How Tea Can Improve Your Writing

I’m drinking tea. Around me is a disparate crowd of writers, artists, students, accountants, gardeners and housepersons. We are listening to a performance of Tracing Flight, the output of a local writers group presented by actors from the College of Music and Drama. The small crowd applaud enthusiastically. This is at the brand new Waterloo Gardens Teahouse, a stylish outpost of calm in Cardiff east. Next door is a hairdressers, the other side a sub-Post Office. Opposite are the gardens, home of dog walkers, smokers, sitters, kids on tricycles, old ladies with bags, men reading newspapers, and the occasional disaffected youth. South Wales suburbia.
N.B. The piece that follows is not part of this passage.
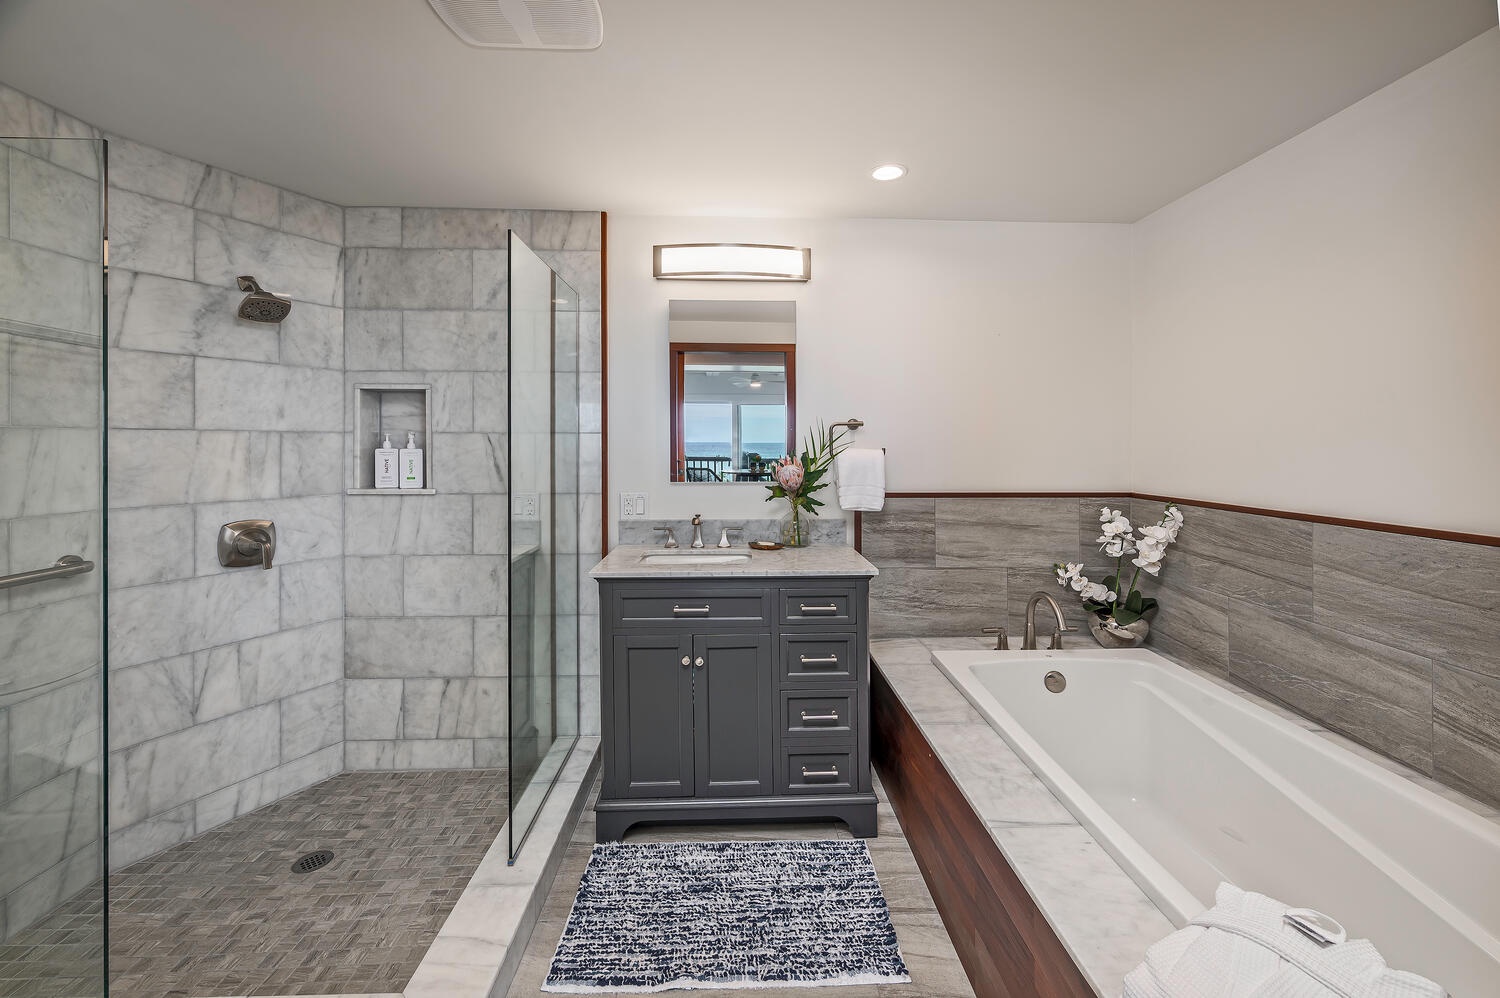 Kailua Vacation Rentals, Hale Lani - Guest bathroom with walk-in shower and soaking tub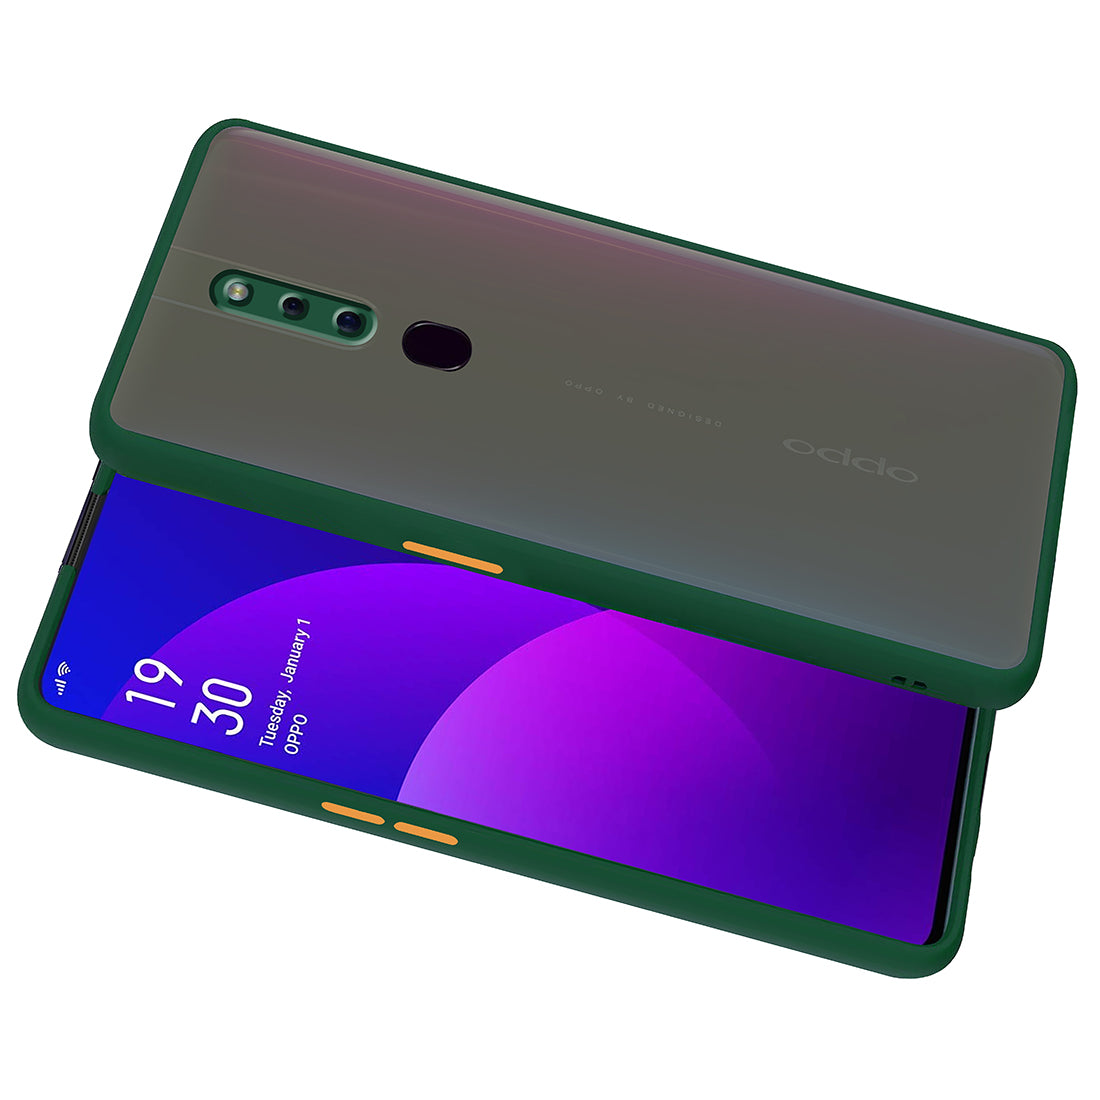 Smoke Back Case Cover for Oppo F11 Pro

You can put on literature and get it to work where you like, it seems.

In the days of Ray Handy and Harri Webb poetry became synonymous with pints. You heard it chanted in pubs, between beers, surrounded by cigarette smoke and veneration. Today in Cardiff there are regular performances at Chapter Arts Centre and at the WMC. In Swansea they tend to happen at the purpose-built Dylan Thomas Centre – a home for literature in Wales’s second city. Bookshop, theatre, cafe, a regular literary programme put on in a set of dedicated performance spaces.

The Dylan Thomas Centre is a legacy of the 1995 UK Year of Literature, a status Swansea won against absolutely no competition at all from any other Welsh conurbation. The position was offered to Cardiff but the capital turned up its philistine nose. Dylan won again and with surprisingly successful and long-lived results.

Can we really put lit on anywhere? One-time media darling, Fiona Pitt-Kethley, editor of the much sought after Literary Companion to Sex, read her stuff to rush hour crowds arriving at Waterloo Station in London. Her publisher sold copies of her book hand to hand from a crate. They got rid of hundreds.

I’ve seen Peter Stead talking about his books in a cinema with a giant back-drop projection of his face in close-up on the screen behind. The Academi mounted a poetry stomp in the centre of Caernarfon Castle where the Investiture plaque had been swathed in bubble-wrap to protect it against anarchists. There have been literary performances in the lounges of cross channel ferries and standing on the decks of light ships and Campbell steamers. In poetry anything is possible.

But it’s also true that dedicated spaces are best. Such centres exist in Dublin, in London and in Edinburgh. But not in Cardiff. For the capital we add literature on, squeeze it between plays at the Sherman, perform it in the foyer of the Millennium Centre, listen to it at the Norwegian Church. Maybe users should start agitating. When they move the Vulcan to St Fagans, if they do, how about building a Literature Centre on the vacant site?

A stop press here: Vulcan saved for three more years. New lease signed by Liz the Landlady. A victory which for a while looked as if it just wouldn't come.

A version of the above appeared as The Insider in the Western Mail of Saturday, 13th June, 2009.

4 comments:

Sheenagh Pugh said...

Now at last I know where Waterloo Gardens is/are! I'd been assuming London, for obvious reasons. Being a Cantonian and a non-driver I really don't know east Cardiff - the buses don't go east-west....

Michael L MacKian said...

Bay Circle buses, service 1 or 2, will be delighted to take you there Sheenagh.

Sheenagh Pugh said...

Michael, I think you'll find the Bay Circle service doesn't run much, or very late, in the evening - which alas is when most readings and events tend to happen. It's great for getting down the bay in the daytime though.

Peter Finch said...

If I can help it readings I'm involved with never happen late at night.